Y supongo que algo de todo ese chute
tropical aún seguía corriendo por mis venas, mujer, o tal vez era el gorrito de
cartón verdeamarelo de la Brahma que llevaba encasquetado en la cabeza,
con un dedo índice apuntando al cielo, pidiendo otra birra u otro Mundial más: Mais
um, mais um, tralalararará…, el caso es que cuando a la una de la madrugada
entré en la plaza Reial, sorteando a las putas y los camellos que me salían al
paso, después de cuarenta y tres días de grata ausencia, y abracé al Javi y…
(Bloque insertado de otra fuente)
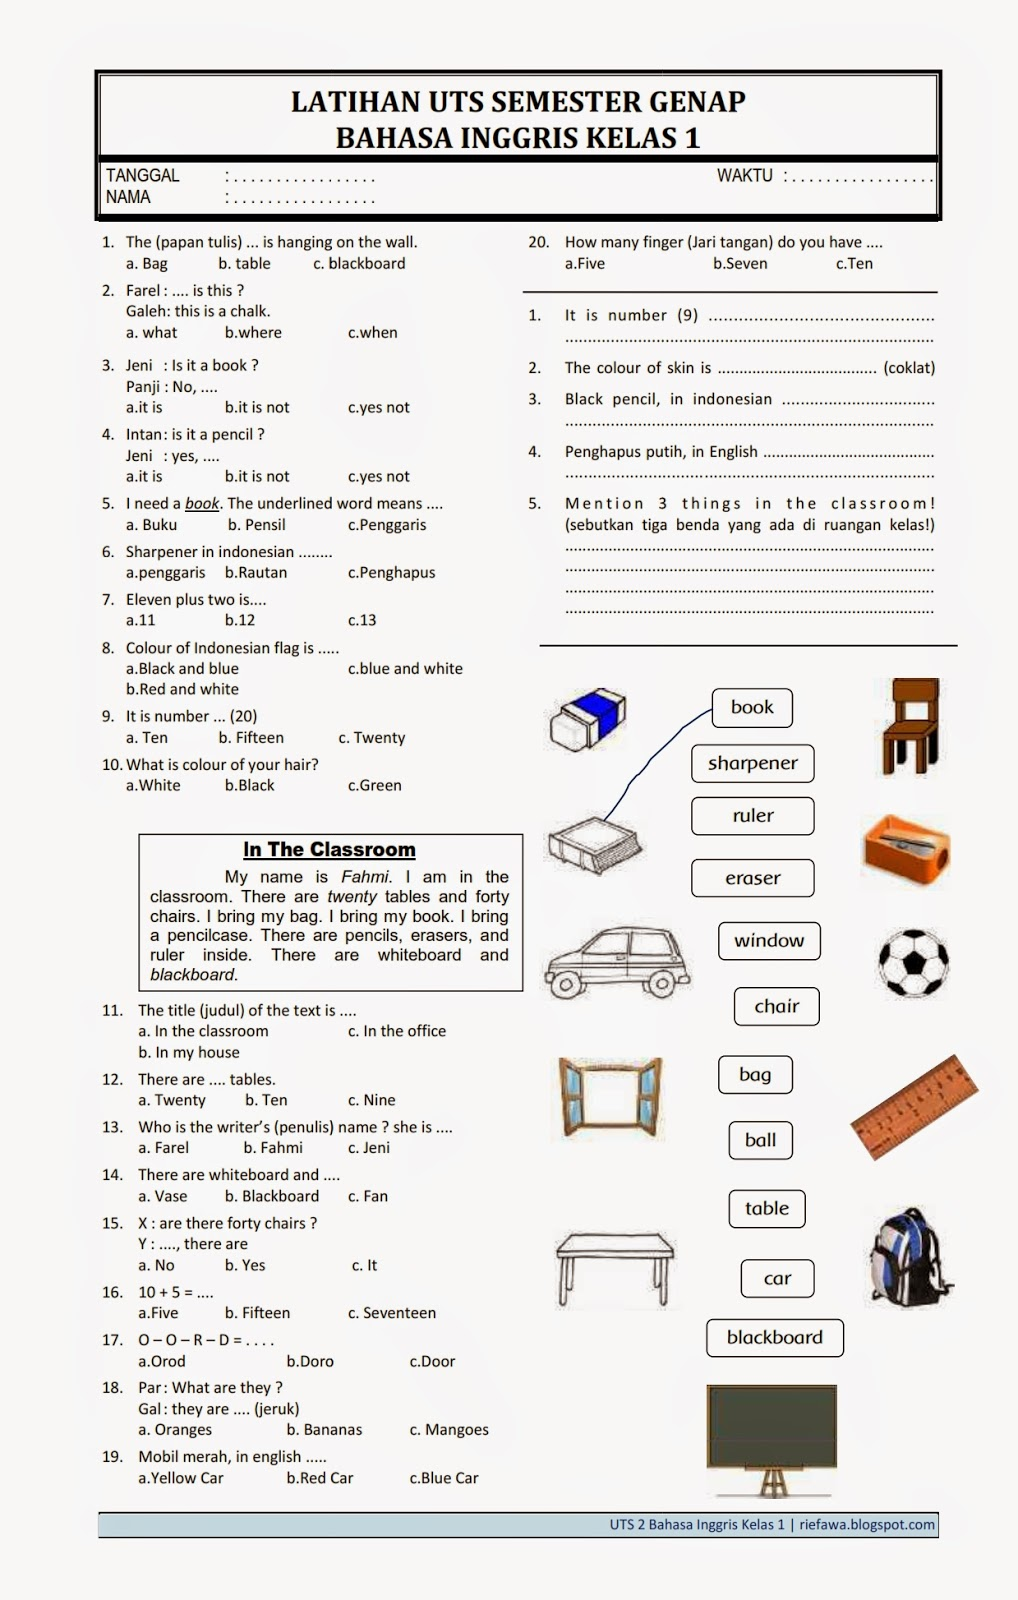 Download Soal UTS 2 Bahasa Inggris Kelas 1 ~ Rief Awa Blog ...

¡hombre, ahí estaban Amelia y Sara!, el corazón aún me latía a ritmo de samba
carnavalera; “¡¿Dónde vas a estas horas de la noche?! ¡Pero si son las doce y
veinte!”, mi pobre madre en camisón vociferando desde la puerta de casa, como
siempre, que los vecinos debían estar contentos, “Coño, a pillar un taxi, que
si no, no llego. ¿No ves que para mí ahora es de día, que voy con el horario
cambiado?”, “¡Pero si no has cenado! ¡Ay, hijo mío, si no te cuidas un
poco!...”, y es que quien esta ahíto de alimento espiritual no necesita sostén
material, apenas un café, una ducha y un afeitado rápidos después de una
siestecilla de seis horas y media para reponerme de las quince del
Río-Madrid-Barcelona que me habían dejado molido, bueno, el Río-Madrid-BCN, un jet
lag del copón y la última noite carioca con Andrea, una garotinha
rubia de bote que me había enrollado en la praia, más que nada para
variar un poquillo, que había quedado saciado de tanta mulata sabrosona, como
Marlene, Nindinha y Solange —otra que tal: le había puesto a su hijo el
elegante nombre de Charles Bronson—, éstas dos más pequeñitas, menos
exuberantes, pero ¡cómo les gustaba que les zurrasen la badana!, que llegué a
soltarle al Salvaje una frase que jamás hubiera imaginado pronunciar, vamos, ni
en mis mejores sueños: “¡Hostia, tío, necesito descanso, que ya estoy harto de
tanto follar!”, y el colega se partía el pecho a mi costa, y digo voy a probar
con una menina de dieciocho añitos bien puestos, el pelo a juego con el
hilo dental amarillo fluorescente, colocado con precisión extrema dentro de la
raja que separaba aquellas gloriosas nalgas bronceadas: un bunda turgente
y respingón de esos que sólo se ven en las praias brasileiras, y
caribeñas, claro, y nos habíamos conocido en la praia mais linda do mundo: la
de Botafogo, y eso que en Brasil hay varias que ostentan el título, pero en
este caso era cierto: en plena bahía de Guanabara, en el marco incomparable de
las colinas de pura roca, los morros, que forman esa anarquía geológica
—diríase que diseñada por Gaudí— llamada Río de Janeiro: el Pão de Açúcar y
el Morro da Urca, que surgen del mar enfrente de la praia, y el
Corcovado y el Morro Dona Marta, justo detrás. Porque esa realidad que
se llama Brasil supera toda imaginación.
El reencuentro con la magia había sido espectacular.